Question

Let \( a \) and \( b \) be real constants such that the function \( f \) defined by \[f(x) = \begin{cases} x^2 + 3x + a, & x \leq 1 \\ bx + 2, & x>1 \end{cases}\]be differentiable on \( \mathbb{R} \). Then, the value of \( \int_{-2}^{2} f(x) \, dx \) equals

• A. \( \frac{15}{6} \)
• B. \( \frac{19}{6} \)
• C. 21
• D. 17

Answer 1

The Correct Option is D

We are asked to find the value of the definite integral \( \int_{-2}^{2} f(x) \, dx \) for the given piecewise function, which is stated to be differentiable over \( \mathbb{R} \). This requires us to first find the values of the constants \( a \) and \( b \) by using the conditions for differentiability.

Concept Used:

1. Continuity: For a function to be differentiable at a point, it must first be continuous at that point. For the given piecewise function, continuity at the boundary point \( x=1 \) implies that the left-hand limit (LHL) must equal the right-hand limit (RHL).

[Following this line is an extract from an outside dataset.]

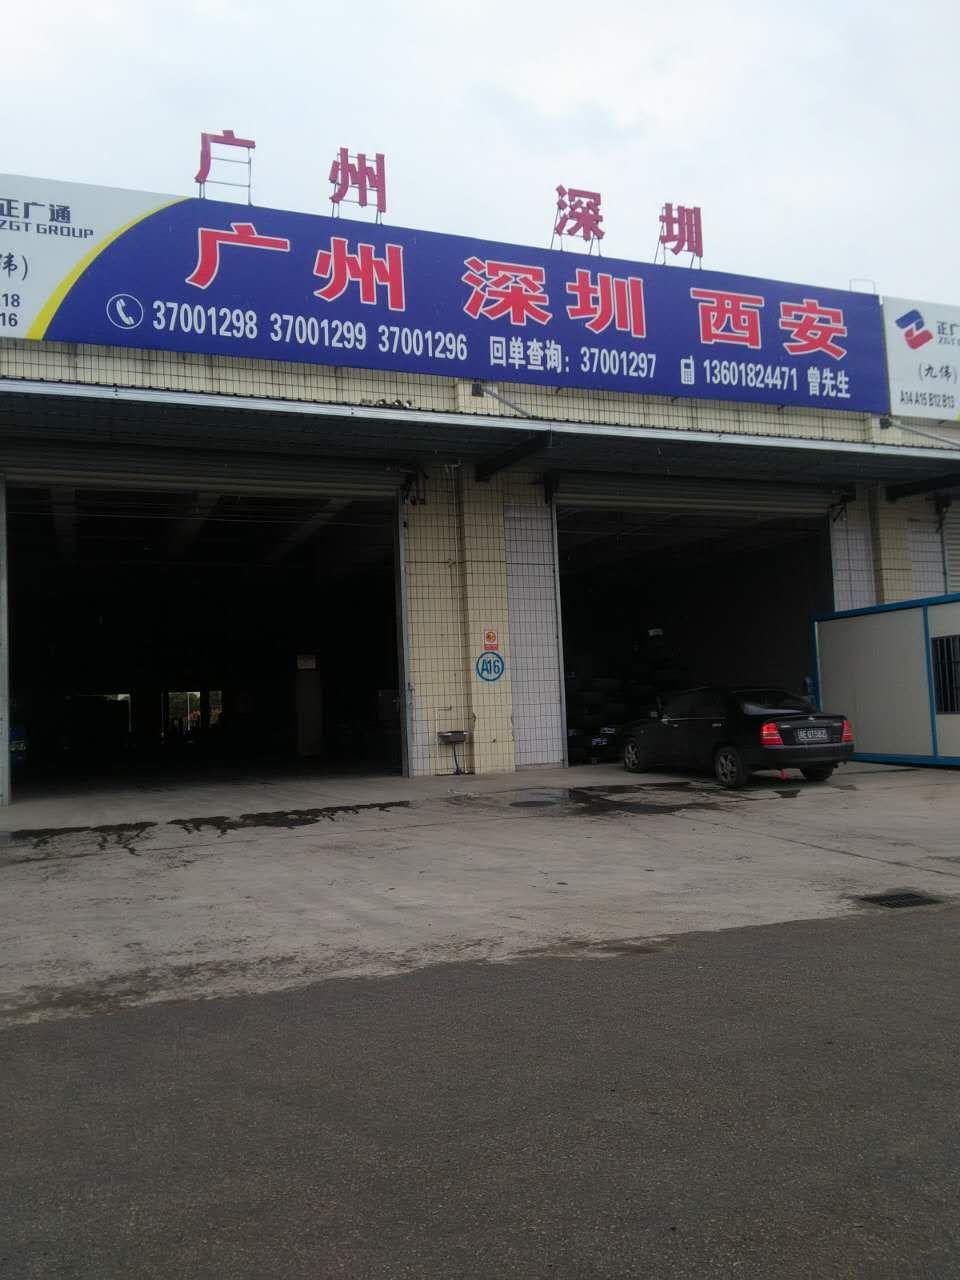 上海到凉山物流专线(上海正广通供应链管理有限公司)
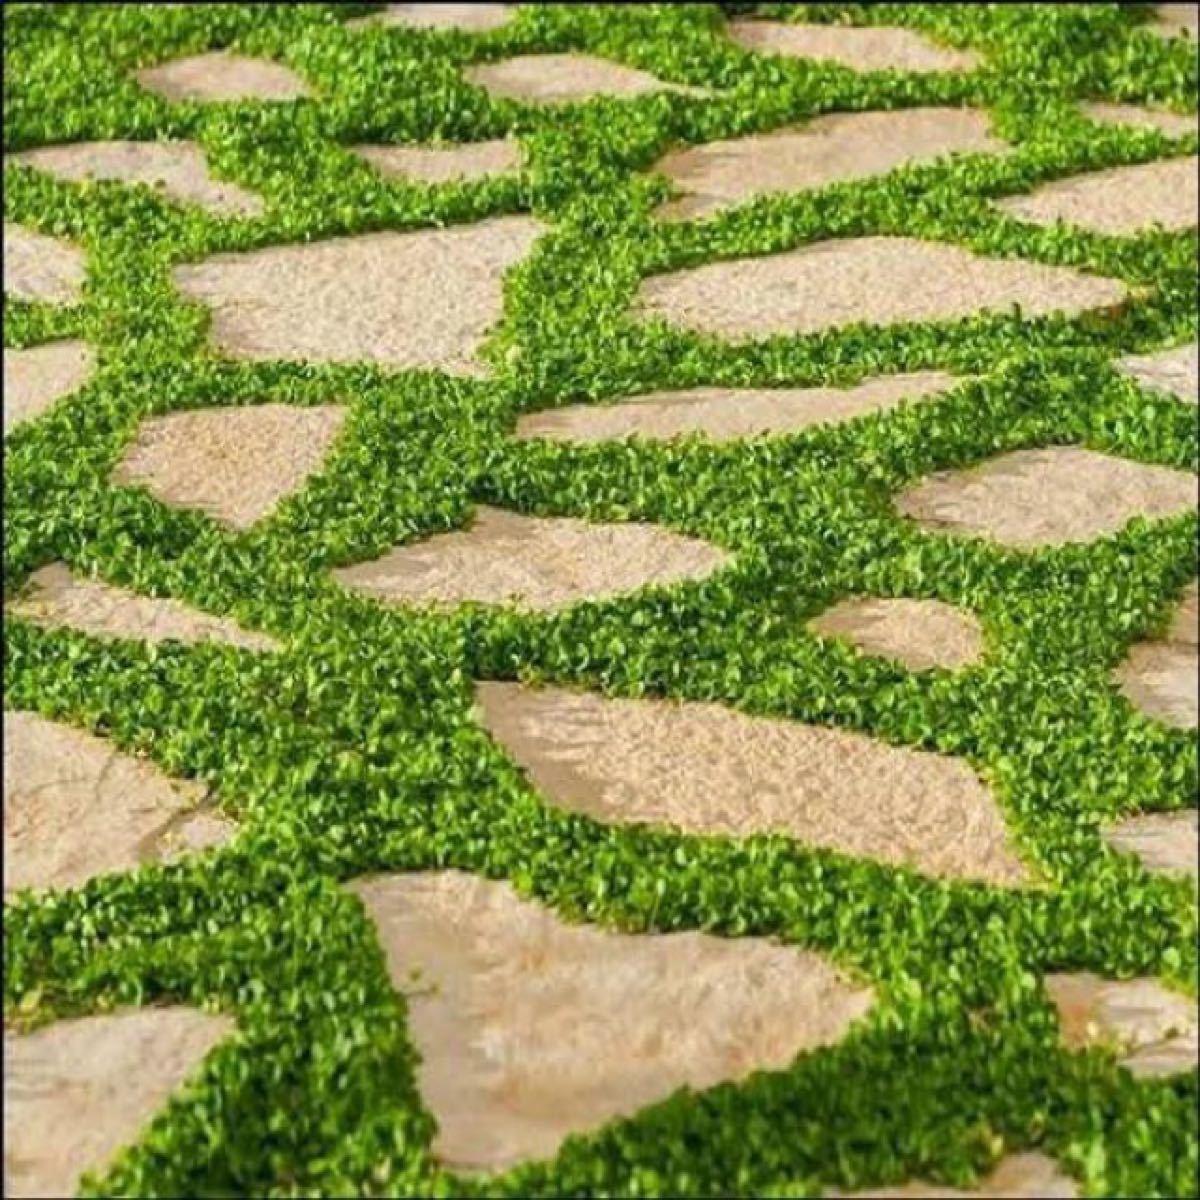 【最安値】ディコンドラ、ダイカンドラ50g種子。お洒落なグランドカバー、芝生へ

\[ \lim_{x \to 1^-} f(x) = \lim_{x \to 1^+} f(x) \]

2. Differentiability: For the function to be differentiable at \( x=1 \), the left-hand derivative (LHD) must equal the right-hand derivative (RHD) at that point.

\[ f'_{-}(1) = f'_{+}(1) \]

3. Integration of a Piecewise Function: To evaluate the definite integral of a piecewise function over an interval, we must split the integral at the points where the function's definition changes.

\[ \int_{c}^{d} f(x) \, dx = \int_{c}^{k} f_1(x) \, dx + \int_{k}^{d} f_2(x) \, dx \] where the function definition changes at \( x=k \).

Step-by-Step Solution:

Step 1: Apply the condition of continuity at \( x = 1 \).

The left-hand limit is:

\[ \lim_{x \to 1^-} f(x) = \lim_{x \to 1^-} (x^2 + 3x + a) = 1^2 + 3(1) + a = 4 + a \]

The right-hand limit is:

\[ \lim_{x \to 1^+} f(x) = \lim_{x \to 1^+} (bx + 2) = b(1) + 2 = b + 2 \]

For continuity, we must have LHL = RHL:

\[ 4 + a = b + 2 \implies b - a = 2 \quad \text{ (Equation 1)} \]

Step 2: Apply the condition of differentiability at \( x = 1 \).

First, we find the derivatives for each piece of the function.

For \( x < 1 \), \( f'(x) = \frac{d}{dx}(x^2 + 3x + a) = 2x + 3 \). The left-hand derivative at \( x=1 \) is:

\[ f'_{-}(1) = 2(1) + 3 = 5 \]

For \( x > 1 \), \( f'(x) = \frac{d}{dx}(bx + 2) = b \). The right-hand derivative at \( x=1 \) is:

\[ f'_{+}(1) = b \]

For differentiability, we must have LHD = RHD:

\[ b = 5 \]

Step 3: Solve for the constants \( a \) and \( b \).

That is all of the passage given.